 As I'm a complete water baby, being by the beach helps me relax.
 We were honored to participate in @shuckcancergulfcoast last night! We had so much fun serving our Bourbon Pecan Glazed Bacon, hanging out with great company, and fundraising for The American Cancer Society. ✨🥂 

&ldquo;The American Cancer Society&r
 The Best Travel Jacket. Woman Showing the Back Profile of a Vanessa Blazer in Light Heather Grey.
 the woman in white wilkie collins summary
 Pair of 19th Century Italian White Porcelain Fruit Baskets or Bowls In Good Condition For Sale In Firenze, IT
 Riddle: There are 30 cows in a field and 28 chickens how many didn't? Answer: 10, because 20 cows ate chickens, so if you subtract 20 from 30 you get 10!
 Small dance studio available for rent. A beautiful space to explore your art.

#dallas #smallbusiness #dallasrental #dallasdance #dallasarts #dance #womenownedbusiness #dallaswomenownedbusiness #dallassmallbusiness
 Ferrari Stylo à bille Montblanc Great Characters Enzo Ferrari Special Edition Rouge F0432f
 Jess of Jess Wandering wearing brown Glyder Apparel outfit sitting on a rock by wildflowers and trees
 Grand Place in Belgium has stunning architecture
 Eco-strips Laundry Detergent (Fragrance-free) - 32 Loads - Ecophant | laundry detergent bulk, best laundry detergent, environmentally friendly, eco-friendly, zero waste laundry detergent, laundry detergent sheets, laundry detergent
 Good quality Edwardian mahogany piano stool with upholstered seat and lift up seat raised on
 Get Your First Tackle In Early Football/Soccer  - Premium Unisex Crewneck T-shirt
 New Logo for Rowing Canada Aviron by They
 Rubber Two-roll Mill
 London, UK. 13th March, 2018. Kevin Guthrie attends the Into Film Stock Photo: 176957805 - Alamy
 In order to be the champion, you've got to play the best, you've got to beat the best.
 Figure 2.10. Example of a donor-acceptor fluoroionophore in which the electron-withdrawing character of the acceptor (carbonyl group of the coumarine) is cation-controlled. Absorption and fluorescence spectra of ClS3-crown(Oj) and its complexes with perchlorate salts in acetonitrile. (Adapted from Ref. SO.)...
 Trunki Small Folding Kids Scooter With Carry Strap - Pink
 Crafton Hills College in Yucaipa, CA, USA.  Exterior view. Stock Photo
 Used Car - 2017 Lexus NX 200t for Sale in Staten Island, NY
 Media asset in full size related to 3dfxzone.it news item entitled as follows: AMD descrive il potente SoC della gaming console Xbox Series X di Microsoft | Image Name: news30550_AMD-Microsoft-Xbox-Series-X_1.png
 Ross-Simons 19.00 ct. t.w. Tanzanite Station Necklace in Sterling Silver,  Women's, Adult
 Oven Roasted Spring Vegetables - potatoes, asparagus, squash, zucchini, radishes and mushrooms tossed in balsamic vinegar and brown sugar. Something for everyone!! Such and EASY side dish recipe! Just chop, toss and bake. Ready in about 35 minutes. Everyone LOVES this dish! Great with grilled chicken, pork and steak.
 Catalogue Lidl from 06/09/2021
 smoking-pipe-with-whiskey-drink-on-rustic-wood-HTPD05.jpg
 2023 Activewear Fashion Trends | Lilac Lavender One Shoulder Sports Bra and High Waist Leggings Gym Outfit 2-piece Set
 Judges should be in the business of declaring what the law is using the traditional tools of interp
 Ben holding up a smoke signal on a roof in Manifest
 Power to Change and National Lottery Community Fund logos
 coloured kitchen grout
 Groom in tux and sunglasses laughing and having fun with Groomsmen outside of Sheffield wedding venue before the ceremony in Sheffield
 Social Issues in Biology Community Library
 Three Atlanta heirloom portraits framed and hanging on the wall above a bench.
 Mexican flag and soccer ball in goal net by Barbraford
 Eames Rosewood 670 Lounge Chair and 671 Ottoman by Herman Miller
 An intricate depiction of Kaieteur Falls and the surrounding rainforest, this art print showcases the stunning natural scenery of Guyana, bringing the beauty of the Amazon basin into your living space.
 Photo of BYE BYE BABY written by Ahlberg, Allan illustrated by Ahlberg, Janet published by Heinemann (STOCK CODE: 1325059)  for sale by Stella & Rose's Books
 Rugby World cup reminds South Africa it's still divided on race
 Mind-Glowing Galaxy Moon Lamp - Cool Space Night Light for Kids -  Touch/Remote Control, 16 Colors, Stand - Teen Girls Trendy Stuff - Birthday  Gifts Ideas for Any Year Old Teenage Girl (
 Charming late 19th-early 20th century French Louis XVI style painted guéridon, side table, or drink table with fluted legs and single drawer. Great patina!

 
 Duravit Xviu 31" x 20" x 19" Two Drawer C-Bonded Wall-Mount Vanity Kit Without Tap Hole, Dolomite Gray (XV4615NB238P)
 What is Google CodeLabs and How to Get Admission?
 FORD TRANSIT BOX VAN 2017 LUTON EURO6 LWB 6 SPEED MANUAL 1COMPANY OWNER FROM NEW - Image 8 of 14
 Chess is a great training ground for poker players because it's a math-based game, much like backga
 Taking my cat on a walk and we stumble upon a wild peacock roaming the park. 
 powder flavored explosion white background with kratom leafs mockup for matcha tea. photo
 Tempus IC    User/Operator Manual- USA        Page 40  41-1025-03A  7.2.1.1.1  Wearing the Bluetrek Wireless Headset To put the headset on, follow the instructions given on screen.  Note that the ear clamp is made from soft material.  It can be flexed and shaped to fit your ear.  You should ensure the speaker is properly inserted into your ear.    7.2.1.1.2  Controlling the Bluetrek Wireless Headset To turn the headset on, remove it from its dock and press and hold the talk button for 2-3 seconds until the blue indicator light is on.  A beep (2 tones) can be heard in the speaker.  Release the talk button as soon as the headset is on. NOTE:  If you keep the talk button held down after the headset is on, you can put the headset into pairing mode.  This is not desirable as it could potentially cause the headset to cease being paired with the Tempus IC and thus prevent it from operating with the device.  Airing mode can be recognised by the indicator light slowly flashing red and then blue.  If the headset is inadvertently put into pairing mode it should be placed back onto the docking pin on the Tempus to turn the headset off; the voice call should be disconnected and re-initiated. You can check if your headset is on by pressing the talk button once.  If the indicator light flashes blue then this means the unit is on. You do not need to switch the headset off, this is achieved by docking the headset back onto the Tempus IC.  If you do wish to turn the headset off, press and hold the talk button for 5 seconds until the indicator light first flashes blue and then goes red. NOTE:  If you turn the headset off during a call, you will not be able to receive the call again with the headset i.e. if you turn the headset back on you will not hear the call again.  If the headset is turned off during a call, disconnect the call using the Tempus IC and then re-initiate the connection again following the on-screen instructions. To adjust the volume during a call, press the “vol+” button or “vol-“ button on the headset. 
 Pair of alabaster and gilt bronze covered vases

____

**TASK PROMPT**
Print all of the lines above so that each one matches its original exactly.

**ANSWER AREA**
 As I'm a complete water baby, being by the beach helps me relax.
 We were honored to participate in @shuckcancergulfcoast last night! We had so much fun serving our Bourbon Pecan Glazed Bacon, hanging out with great company, and fundraising for The American Cancer Society. ✨🥂 

&ldquo;The American Cancer Society&r
 The Best Travel Jacket. Woman Showing the Back Profile of a Vanessa Blazer in Light Heather Grey.
 the woman in white wilkie collins summary
 Pair of 19th Century Italian White Porcelain Fruit Baskets or Bowls In Good Condition For Sale In Firenze, IT
 Riddle: There are 30 cows in a field and 28 chickens how many didn't? Answer: 10, because 20 cows ate chickens, so if you subtract 20 from 30 you get 10!
 Small dance studio available for rent. A beautiful space to explore your art.

#dallas #smallbusiness #dallasrental #dallasdance #dallasarts #dance #womenownedbusiness #dallaswomenownedbusiness #dallassmallbusiness
 Ferrari Stylo à bille Montblanc Great Characters Enzo Ferrari Special Edition Rouge F0432f
 Jess of Jess Wandering wearing brown Glyder Apparel outfit sitting on a rock by wildflowers and trees
 Grand Place in Belgium has stunning architecture
 Eco-strips Laundry Detergent (Fragrance-free) - 32 Loads - Ecophant | laundry detergent bulk, best laundry detergent, environmentally friendly, eco-friendly, zero waste laundry detergent, laundry detergent sheets, laundry detergent
 Good quality Edwardian mahogany piano stool with upholstered seat and lift up seat raised on
 Get Your First Tackle In Early Football/Soccer  - Premium Unisex Crewneck T-shirt
 New Logo for Rowing Canada Aviron by They
 Rubber Two-roll Mill
 London, UK. 13th March, 2018. Kevin Guthrie attends the Into Film Stock Photo: 176957805 - Alamy
 In order to be the champion, you've got to play the best, you've got to beat the best.
 Figure 2.10. Example of a donor-acceptor fluoroionophore in which the electron-withdrawing character of the acceptor (carbonyl group of the coumarine) is cation-controlled. Absorption and fluorescence spectra of ClS3-crown(Oj) and its complexes with perchlorate salts in acetonitrile. (Adapted from Ref. SO.)...
 Trunki Small Folding Kids Scooter With Carry Strap - Pink
 Crafton Hills College in Yucaipa, CA, USA.  Exterior view. Stock Photo
 Used Car - 2017 Lexus NX 200t for Sale in Staten Island, NY
 Media asset in full size related to 3dfxzone.it news item entitled as follows: AMD descrive il potente SoC della gaming console Xbox Series X di Microsoft | Image Name: news30550_AMD-Microsoft-Xbox-Series-X_1.png
 Ross-Simons 19.00 ct. t.w. Tanzanite Station Necklace in Sterling Silver,  Women's, Adult
 Oven Roasted Spring Vegetables - potatoes, asparagus, squash, zucchini, radishes and mushrooms tossed in balsamic vinegar and brown sugar. Something for everyone!! Such and EASY side dish recipe! Just chop, toss and bake. Ready in about 35 minutes. Everyone LOVES this dish! Great with grilled chicken, pork and steak.
 Catalogue Lidl from 06/09/2021
 smoking-pipe-with-whiskey-drink-on-rustic-wood-HTPD05.jpg
 2023 Activewear Fashion Trends | Lilac Lavender One Shoulder Sports Bra and High Waist Leggings Gym Outfit 2-piece Set
 Judges should be in the business of declaring what the law is using the traditional tools of interp
 Ben holding up a smoke signal on a roof in Manifest
 Power to Change and National Lottery Community Fund logos
 coloured kitchen grout
 Groom in tux and sunglasses laughing and having fun with Groomsmen outside of Sheffield wedding venue before the ceremony in Sheffield
 Social Issues in Biology Community Library
 Three Atlanta heirloom portraits framed and hanging on the wall above a bench.
 Mexican flag and soccer ball in goal net by Barbraford
 Eames Rosewood 670 Lounge Chair and 671 Ottoman by Herman Miller
 An intricate depiction of Kaieteur Falls and the surrounding rainforest, this art print showcases the stunning natural scenery of Guyana, bringing the beauty of the Amazon basin into your living space.
 Photo of BYE BYE BABY written by Ahlberg, Allan illustrated by Ahlberg, Janet published by Heinemann (STOCK CODE: 1325059)  for sale by Stella & Rose's Books
 Rugby World cup reminds South Africa it's still divided on race
 Mind-Glowing Galaxy Moon Lamp - Cool Space Night Light for Kids -  Touch/Remote Control, 16 Colors, Stand - Teen Girls Trendy Stuff - Birthday  Gifts Ideas for Any Year Old Teenage Girl (
 Charming late 19th-early 20th century French Louis XVI style painted guéridon, side table, or drink table with fluted legs and single drawer. Great patina!

 
 Duravit Xviu 31" x 20" x 19" Two Drawer C-Bonded Wall-Mount Vanity Kit Without Tap Hole, Dolomite Gray (XV4615NB238P)
 What is Google CodeLabs and How to Get Admission?
 FORD TRANSIT BOX VAN 2017 LUTON EURO6 LWB 6 SPEED MANUAL 1COMPANY OWNER FROM NEW - Image 8 of 14
 Chess is a great training ground for poker players because it's a math-based game, much like backga
 Taking my cat on a walk and we stumble upon a wild peacock roaming the park. 
 powder flavored explosion white background with kratom leafs mockup for matcha tea. photo
 Tempus IC    User/Operator Manual- USA        Page 40  41-1025-03A  7.2.1.1.1  Wearing the Bluetrek Wireless Headset To put the headset on, follow the instructions given on screen.  Note that the ear clamp is made from soft material.  It can be flexed and shaped to fit your ear.  You should ensure the speaker is properly inserted into your ear.    7.2.1.1.2  Controlling the Bluetrek Wireless Headset To turn the headset on, remove it from its dock and press and hold the talk button for 2-3 seconds until the blue indicator light is on.  A beep (2 tones) can be heard in the speaker.  Release the talk button as soon as the headset is on. NOTE:  If you keep the talk button held down after the headset is on, you can put the headset into pairing mode.  This is not desirable as it could potentially cause the headset to cease being paired with the Tempus IC and thus prevent it from operating with the device.  Airing mode can be recognised by the indicator light slowly flashing red and then blue.  If the headset is inadvertently put into pairing mode it should be placed back onto the docking pin on the Tempus to turn the headset off; the voice call should be disconnected and re-initiated. You can check if your headset is on by pressing the talk button once.  If the indicator light flashes blue then this means the unit is on. You do not need to switch the headset off, this is achieved by docking the headset back onto the Tempus IC.  If you do wish to turn the headset off, press and hold the talk button for 5 seconds until the indicator light first flashes blue and then goes red. NOTE:  If you turn the headset off during a call, you will not be able to receive the call again with the headset i.e. if you turn the headset back on you will not hear the call again.  If the headset is turned off during a call, disconnect the call using the Tempus IC and then re-initiate the connection again following the on-screen instructions. To adjust the volume during a call, press the “vol+” button or “vol-“ button on the headset. 
 Pair of alabaster and gilt bronze covered vases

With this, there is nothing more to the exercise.